Jobs, We Need Jobs
Monday, 18 July 2011
One evening last week, I watched a DVD of a 2010 movie, The Company Men, starring Tommy Lee Jones, Ben Affleck and Chris Cooper with Kevin Costner in a supporting role.
The story follows the lives of three corporate executives after they are downsized due to the crash of 2008. It's a pretty good movie if you don't count a by-the-numbers script in which you can see the writer, scene by scene, ticking off each personal issue of unemployment.
The veteran actors make up for that failing with strong, believable performances – so much so that I had to hit the pause button two or three times and walk away until I got my breath again.
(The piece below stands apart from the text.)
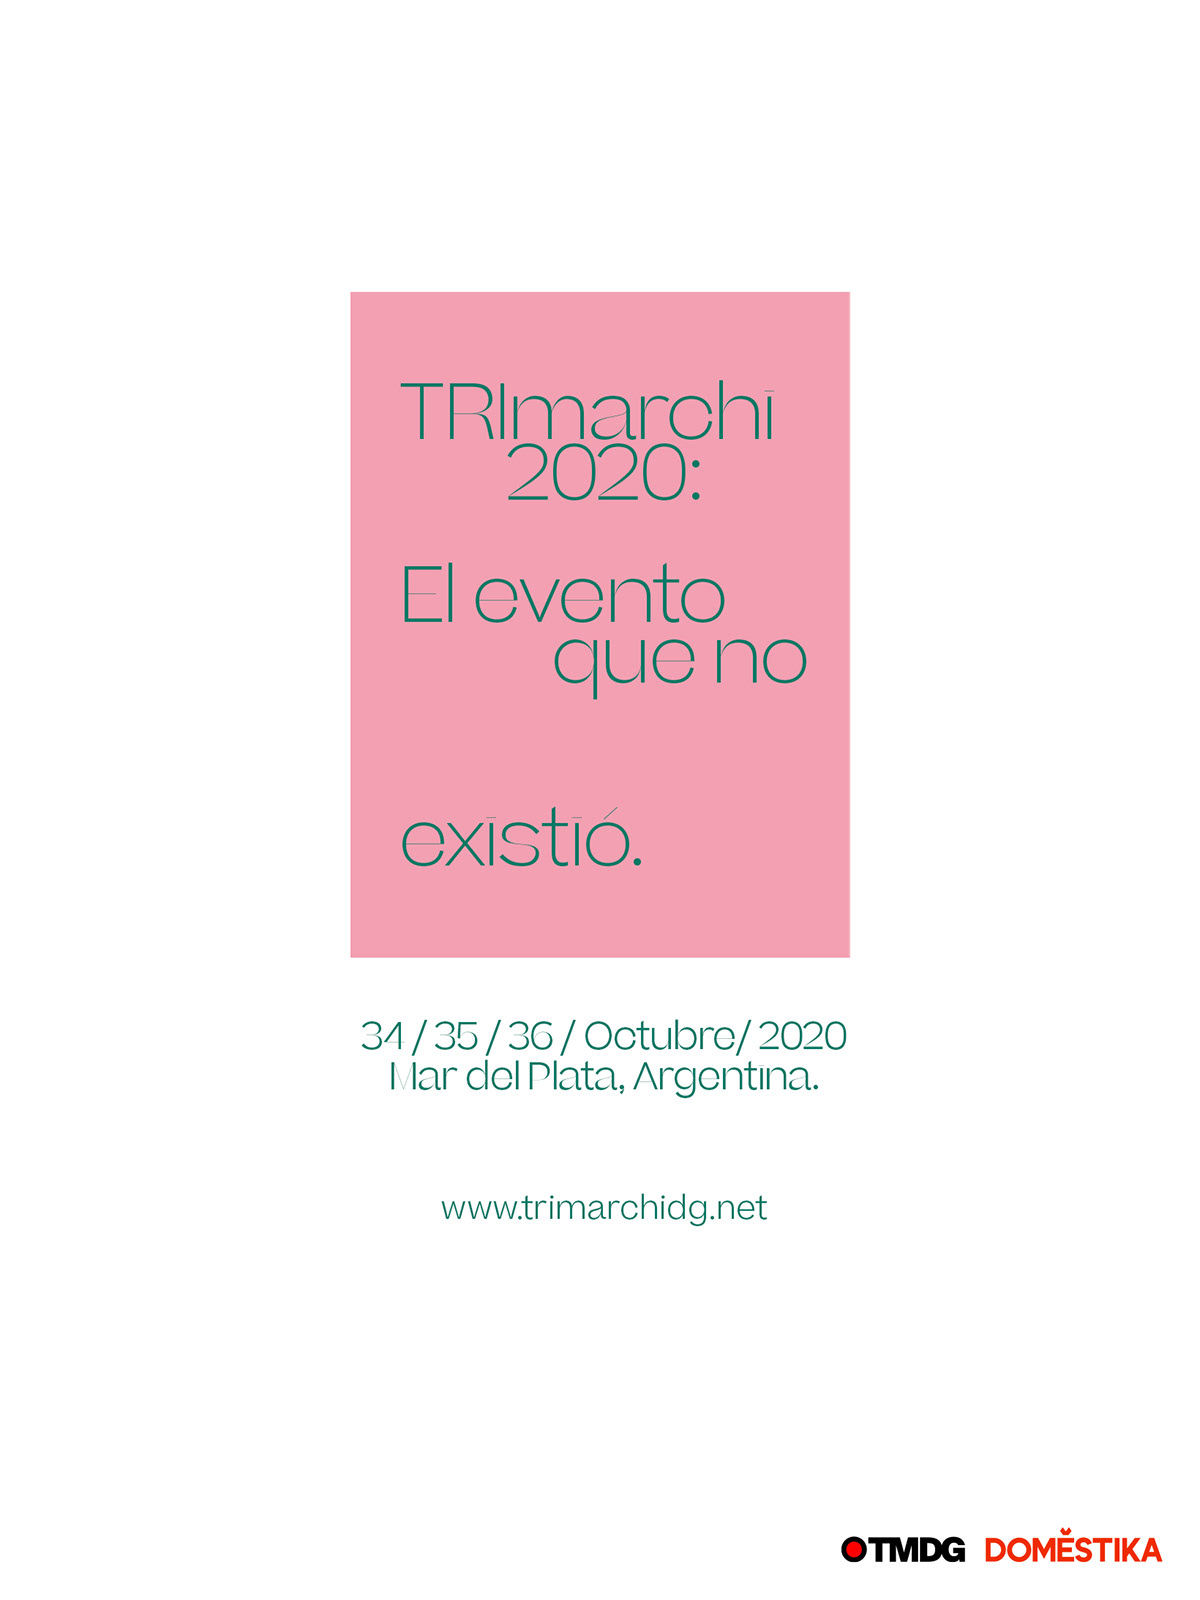 Concurso contest design poster trimarchi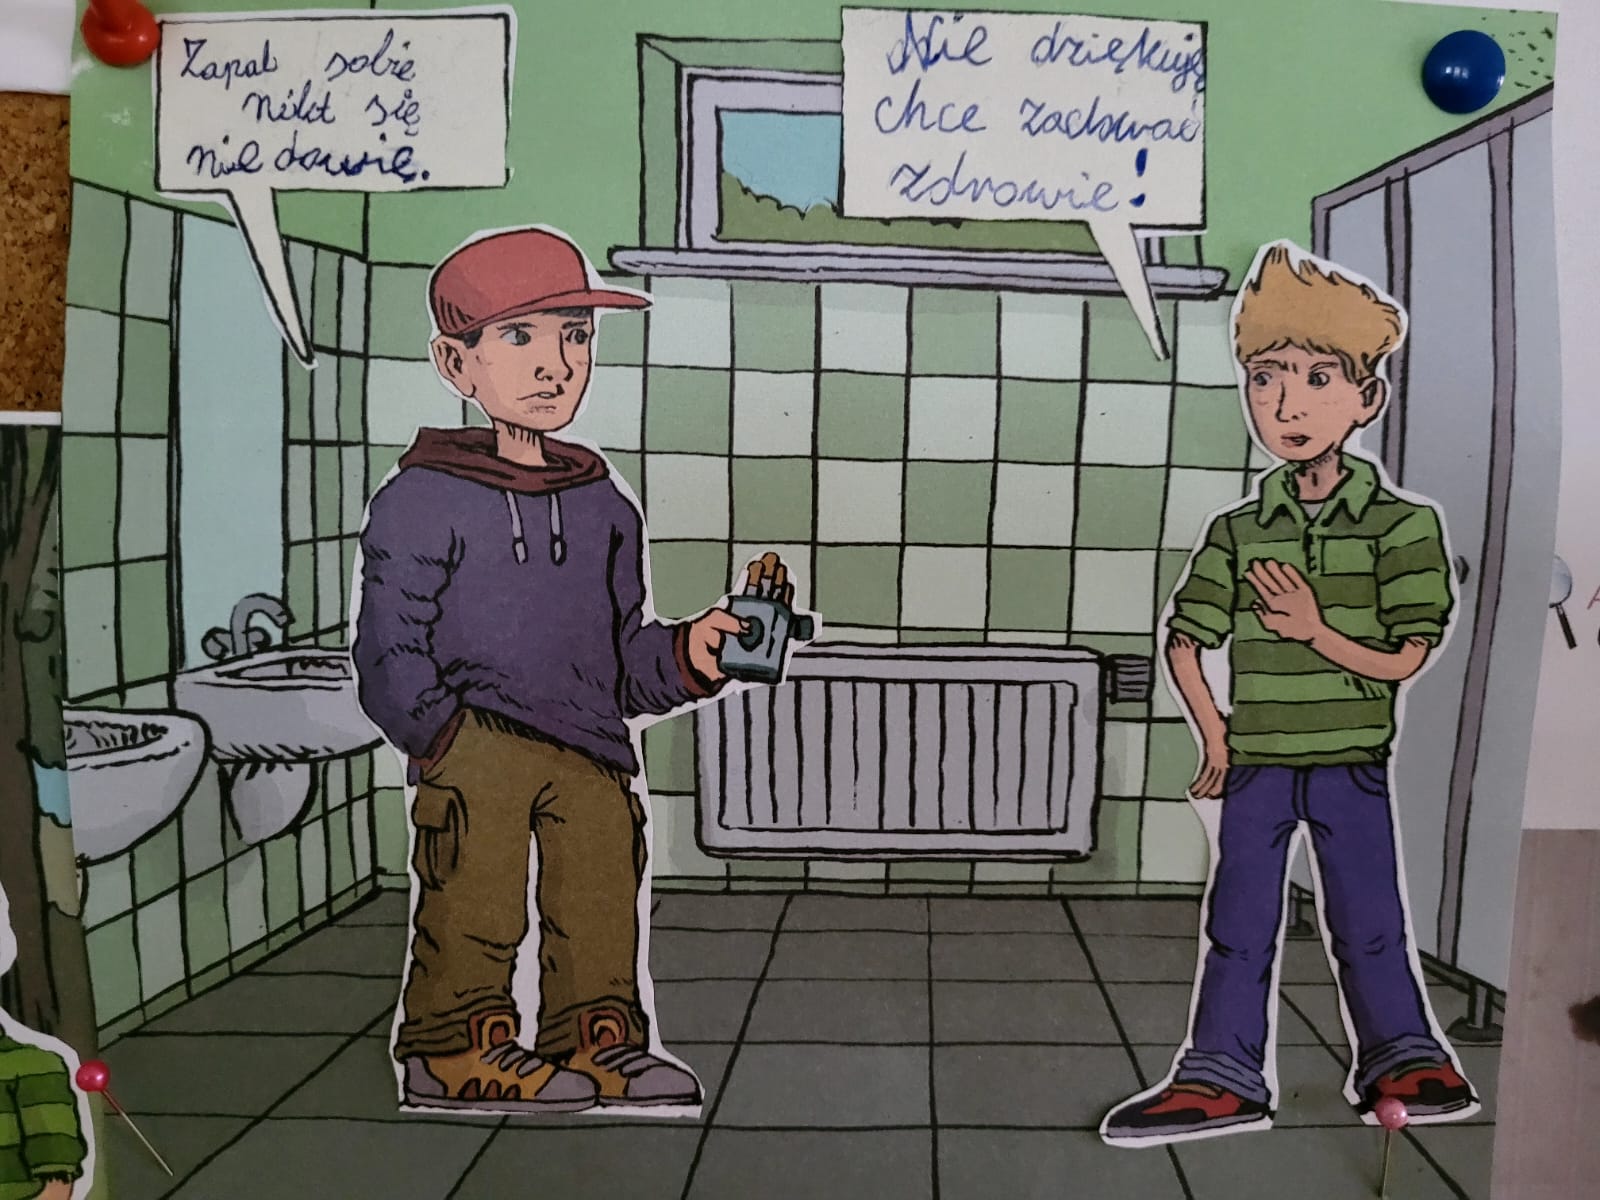 Zdjęcie grafiki wykonnej w stylu komiksu. W toalecie stoi dwóch chłopców. Jedn z nich mówi "Zapal sobie nikt się nie dowie." na co drugi odpowiada "Nie dziękuję chce zachować zdrowie !".

It was like an acid flashback (or maybe acid reflux) to that year of trying to find work before I realized the only way to survive was to sell my New York apartment and retire.
Until that movie last week, I had conveniently "forgotten" (read: buried) the constant humiliation, sick fear and wretched despair of repeated rejection or, most frequently, not even acknowledgment of my resume - hundreds and hundreds of times.
I had forgotten the terror of monthly bill paying, the erosion of savings down to nothing, then the abominably expensive cash advances on credit cards to pay the mortgage and everything else as debt climbed to the tens of thousands.
I had forgotten the loneliness - the friends I stopped calling and who no longer telephoned because I had turned them down so many times, not daring spend the money for an evening out.
I had forgotten the hopelessness. And that was in 2004/05 when unemployment was at a relatively normal level. That movie has been haunting me every day since I watched it, especially this short speech from the 60-year-old character played by Chris Cooper:
"Worst part? The world didn't end. The paper showed up every morning. The sprinklers shut off at six. The guy next door? He still washed his car every Sunday. The day I left there, my life ended."
Yeah. And I doubt there is a family in the nation untouched by this great unraveling of employment.
On 8 July, when the U.S. Bureau of Labor Statistics (BLS) released the employment figures for July June 2011, that kicked the unemployment rate up to 9.2 percent, an Economic Policy Institute economist, Heidi Shierholz, wrote this:
“Virtually every single measure was devastatingly weak...this is the second month in a row with job growth at 25,000 or less. This is a remarkable, across-the-board backslide.”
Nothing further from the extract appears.